Calandra miller counseling

Calandra Miller was born in the small town of Pulaski, Virginia. After graduating from Pulaski County High School in 2001, she attended the University of Virginia in Charlottesville, Virginia. In 2005, she graduated with a BA in music. After attending a presentation about career opportunities for students, she came to discover public health. Calandra has recently completed her Master of Public Health with an epidemiology concentration at East Tennessee State University College of Public Health. She has both academic and humanitarian interests in global health. Calandra is excited to take her knowledge of public health principles from the classroom and apply them to a critically underserved population like the township of Munsieville, South Africa. There she worked with Project HOPE UK doing work in HIV/AIDS prevention and education.

Glenn Quarles taking survey

Glenn Quarles (at right in photo) was born in Columbia, SC, but he has lived the majority of his life in the East Tennessee Tri-Cities area.
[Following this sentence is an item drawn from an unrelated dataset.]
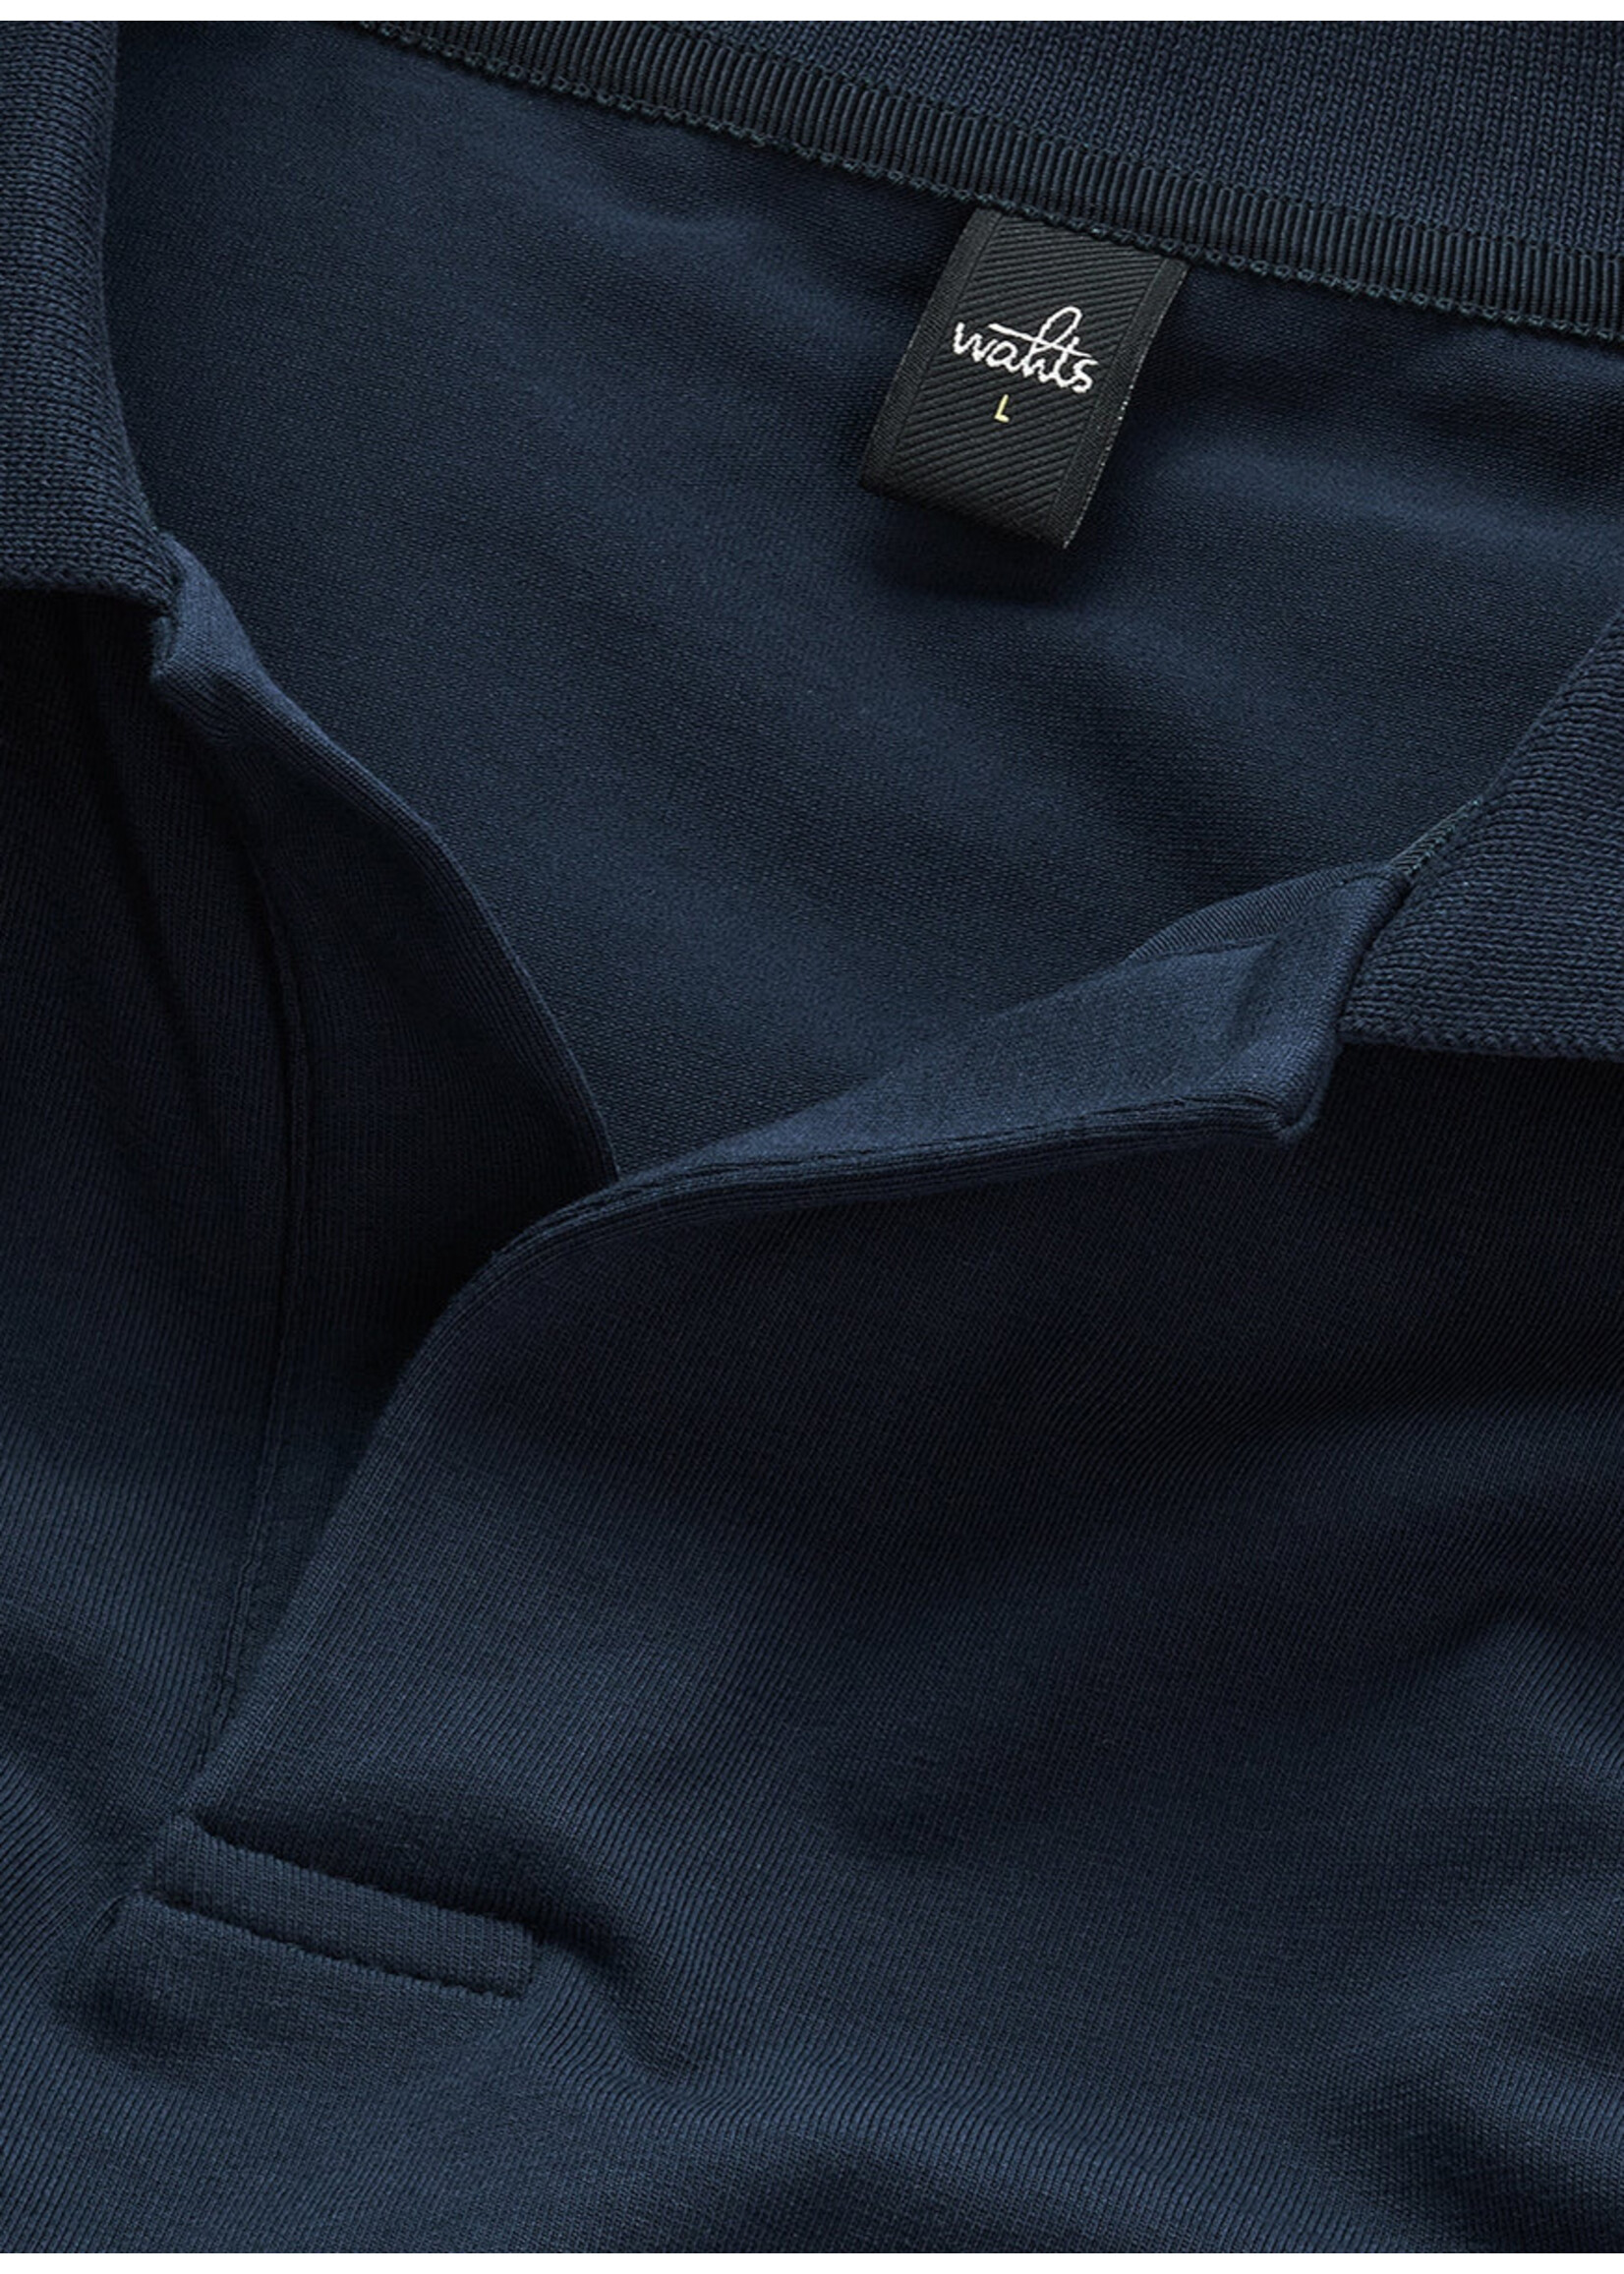 Wahts Hastings Tech Stretch Polo Navy Blue

He graduated from ETSU in 2007 with a B.S. in Mathematics, and recently he graduated in December 2009 with both a Masters of Public Health (concentration in Epidemiology) and a Graduate Certificate in Rural Health from East Tennessee State University College of Public Health. His primary hobby is playing the trombone. He is currently in the ETSU Wind Ensemble and just returned from New York City where they played at Carnegie Hall on April 8 of this year. He will be working with Project Hope UK on the Munsieville Model for the culminating experience of his MPH in Munsieville, South Africa.
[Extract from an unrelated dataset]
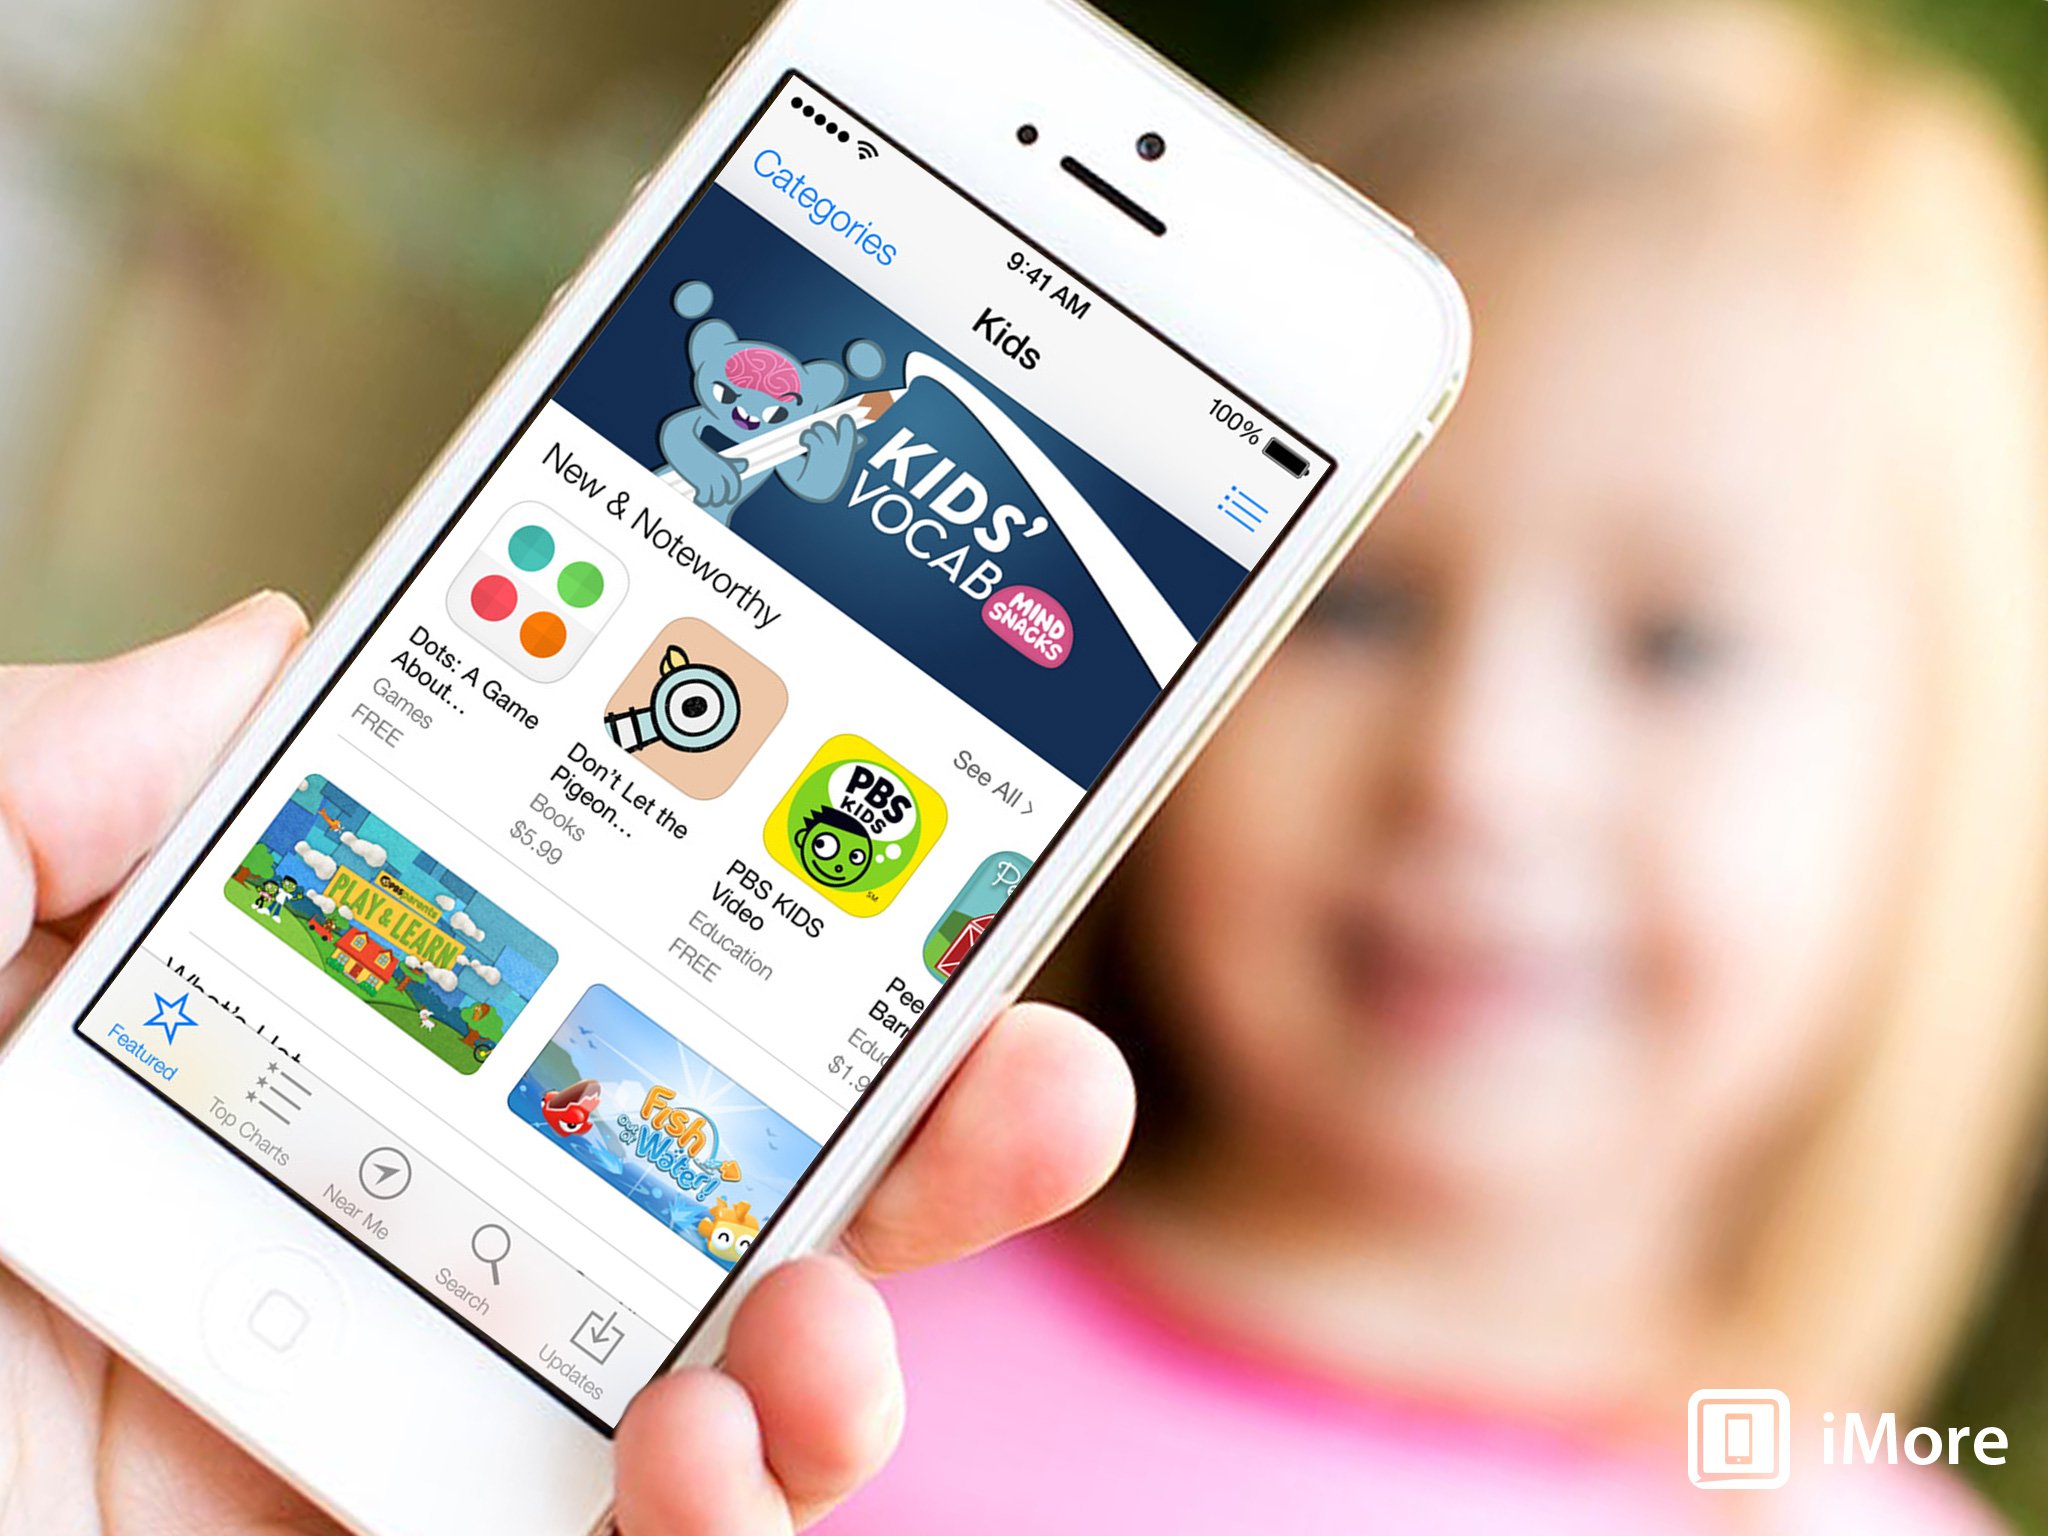 21 free apps for kids (without hidden in-app purchases!) - Care

Frist Global Health Leader Kelly Tschida: Nyamata Hospital, Rwanda

Kelly Tschida graduated August 2009 from Vanderbilt University School of Nursing with a Master of Science in Nursing, specializing as Family Nurse Practitioner. He has a wide variety of experience including work as both firefighter and an emergency medical technician. He spent two years as a Peace Corps volunteer in Cameroon helping alleviate poverty through microfinance. In this role he advised banks and small business owners on best business practices. He has a Masters of Business Administration and taught Entrepreneurial Finance at Washington State University. Through these experiences Kelly has come to realize the dire need many people of the world have for basic healthcare. As a result, he has decided to work in global health providing care for the underserved. Kelly spent his time in the Bugesera District in Nyamata, Rwanda working with the staff in the Nyamata Hospital.
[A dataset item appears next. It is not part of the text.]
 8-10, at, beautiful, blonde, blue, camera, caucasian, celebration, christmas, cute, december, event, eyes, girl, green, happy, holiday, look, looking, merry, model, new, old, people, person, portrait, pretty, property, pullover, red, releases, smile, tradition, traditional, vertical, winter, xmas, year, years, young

Frist Global Health Leader Amelia Wood: Kijabe Hospital, Kenya

Amelia (Amy) Wood is currently a fellow at the University of Colorado. She will be new faculty in the Fall 2009 where she will work as an Instructor of Neonatology.  Her main hospital of service is Denver Health which is the primary site for indigent care in the city of Denver allowing Amy to provide health care for those newborns at greatest risk in the city. However, Denver Health is also the hospital where the University of Colorado pediatric residents receive the bulk of their hands on training. Therefore, Amy has the great pleasure of being both a clinician and an educator. Amy did her residency in general pediatrics at Vanderbilt University.  Then she will complete a fellowship in Neonatal-Perinatal Medicine at the University of Colorado in late September 2009 while working at the Bethany Kid's Kijabe Hospital in rural Kijabe, Kenya.  During fellowship Amy focused her research on the educational process of training pediatric providers to care for sick infants.  She continues to work on methods of improving education to help doctors prepare for their tiniest patients.  She hopes to use this information in training both U.S. doctors and doctors in the developing world.